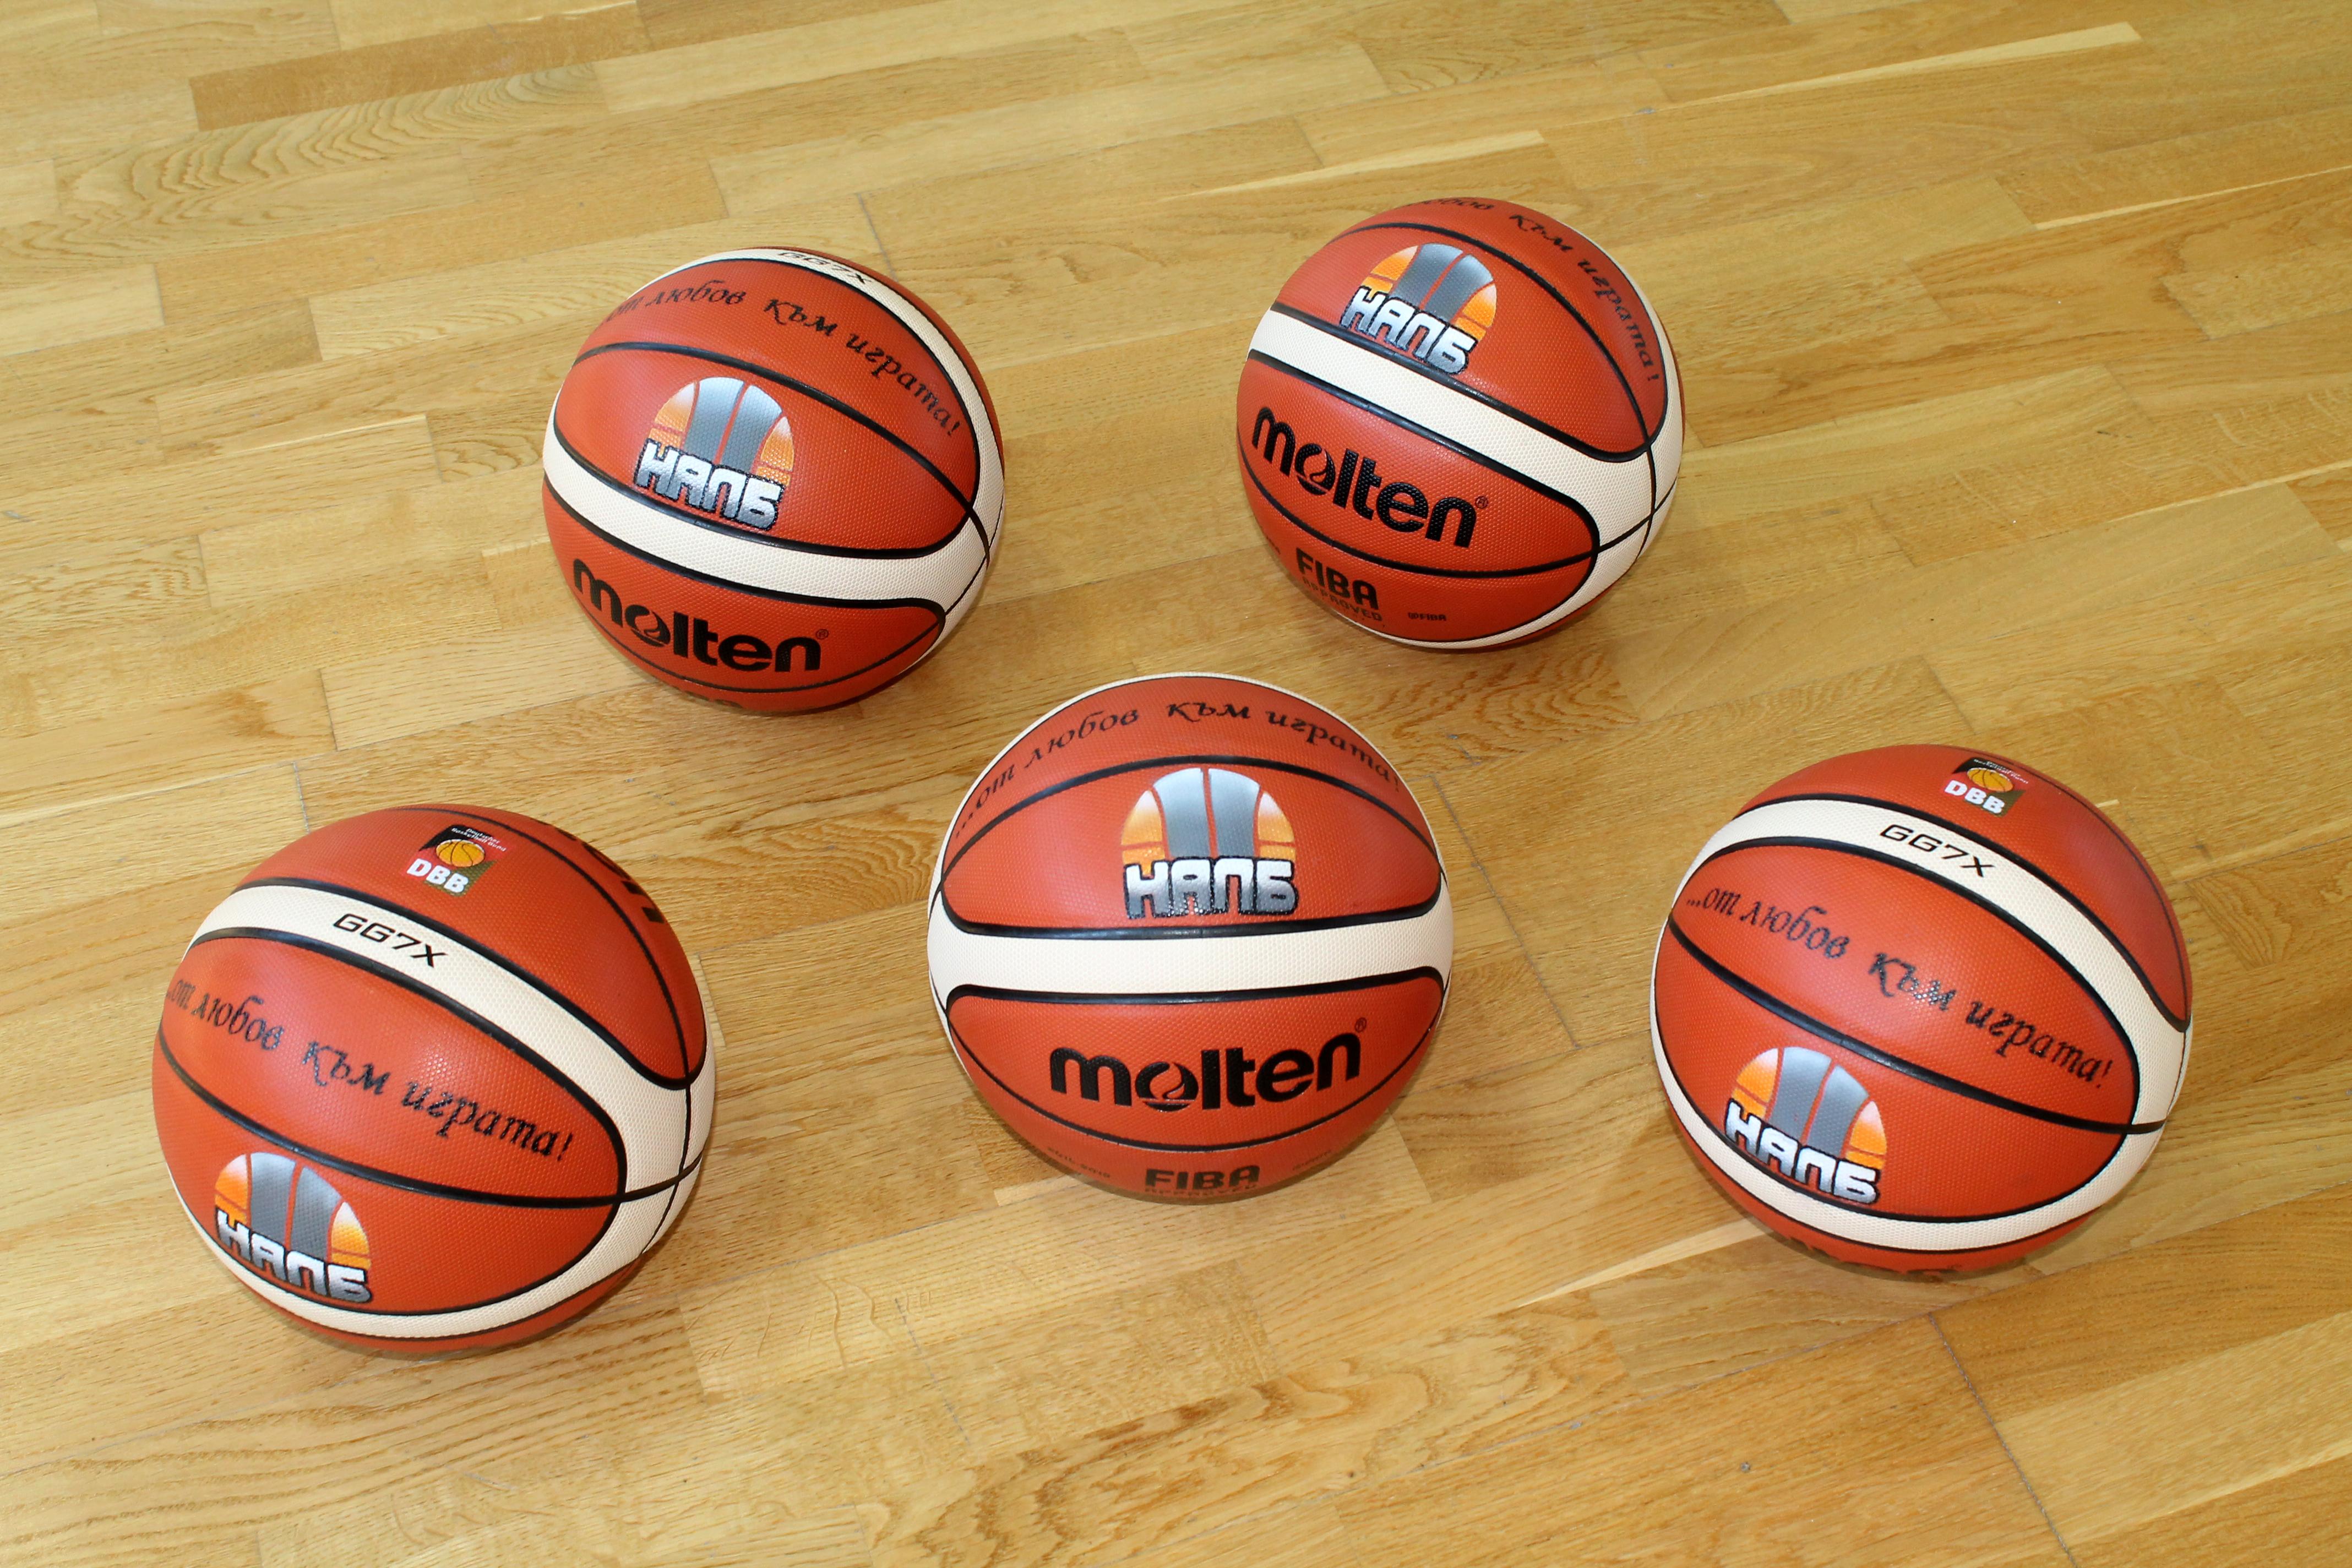 Баскетболна топка – Molten GG7X, официална топка на германската федерация, изработена по нова технология и утвърдена от ФИБА за периода от 2015 до 2020 година - 140.00 лева
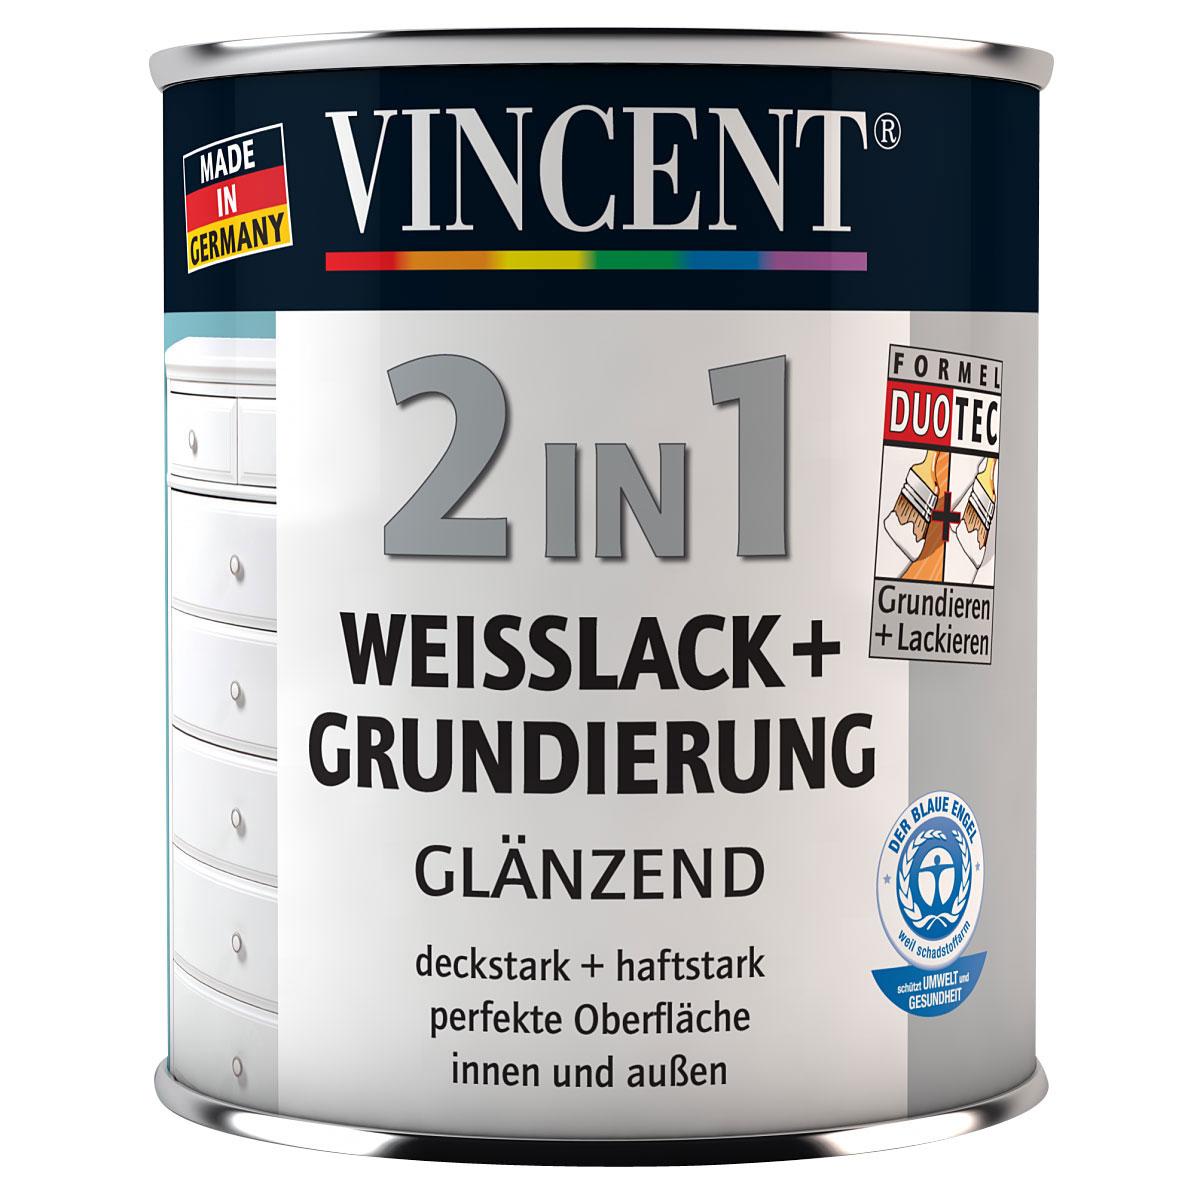 Vincent 2in1 Weisslack + Grundierung
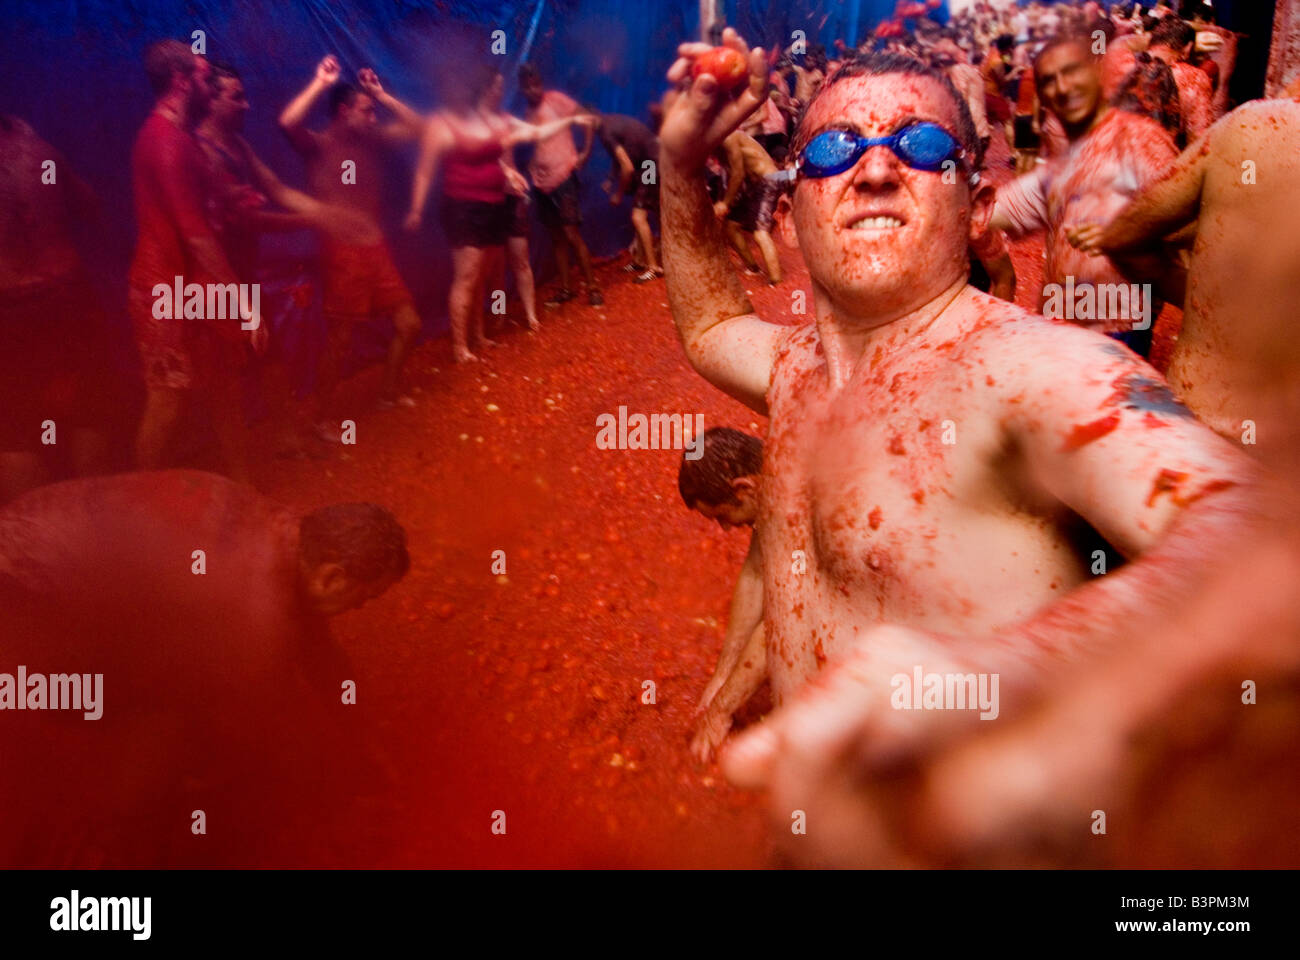 Homme portant lunettes de natation de lancer une tomate à La Tomatina festival de lutte contre l'alimentation. Photo Stock

* EXERCISE GOAL:
Leave out the pictures and repeat exactly the lines from the start of the material through the line that contains "Vincent 2in1 Weisslack + Grundierung", both included.

* RESULT FOR THIS TASK:
 Баскетболна топка – Molten GG7X, официална топка на германската федерация, изработена по нова технология и утвърдена от ФИБА за периода от 2015 до 2020 година - 140.00 лева
 Vincent 2in1 Weisslack + Grundierung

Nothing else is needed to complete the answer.